The human brain is a vastly potent organ meant to do a small set of tasks, process & store input, and assign meaning to what is stored. That’s about it.
Whenever two phenomena in physical reality interact, and at least one of them happens to be our physical presence, the brain serves its purpose. It takes in the raw data, sorts it, stores it, then compares it to other storage to assign meaning. The interaction itself is innocent and lacks any meaning except what the brain assigns.
This happens so swiftly and automatically that we only notice it when the brain is unable to make the assignment from known data. Then, we “think” about the interaction and come up with meaning.
In all of this there is nothing wrong, or negative. It is simply what the brain does, and it is useful and fundamental to our survival. If we did not know that thirst meant we needed fluid we would die of dehydration in short order. There is nothing wrong with assigning meaning, it only goes off target when we assume that meaning means anything.
As we add meaning on top of meaning we build up the safety of an idea of what we are, but that is another post.

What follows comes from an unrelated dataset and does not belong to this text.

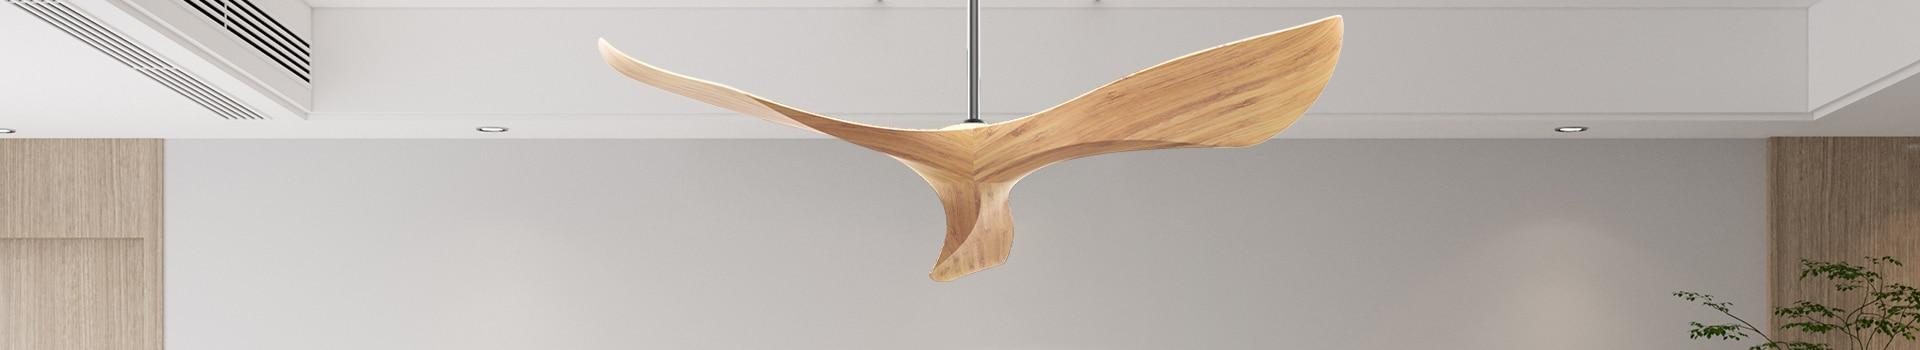 מאווררי תקרה מעץ

The phenomena that occur, any phenomena, including what others do, and what we think in our heads, is innocent and pure until we add meaning to it. Until the meaning making machine does it work the phenomena is pure and without blame. The meaninglessness I refer to here is the lack of blame. It is the occurrence without interpretation. Pure knowledge of the event. Anything else is after-thought.
As humans, we race around and around in the world created by meaning, never seeing that the meaning is what we placed into the world. We make this place. We are accountable. And, even that is meaningless until we assign the meaning.
Moments of “realization” then are actually previous to realization and have been called awareness. Being aware is what we really are, and what is actually happening. What we make of that is just what we do. That is our function. And, it is innocent.
Ramana Maharshi says that the self-inquiry, “Who am I?” is the stick that stirs the fire of awareness of self, and is, in the end, itself consumed. We can see from the above why this is so. The very question, “Who am I?” begs for meaning. An answer. But, its pure looking goes ever deeper until eventually the question itself is beside the point. Once pure self is rested in, it is before meaning and has no need for meaning. All becomes meaningless and innocent, and un-separated. Until that time, we can stir our own fires with the stick of self-inquiry and occasionally get a taste for what we already are.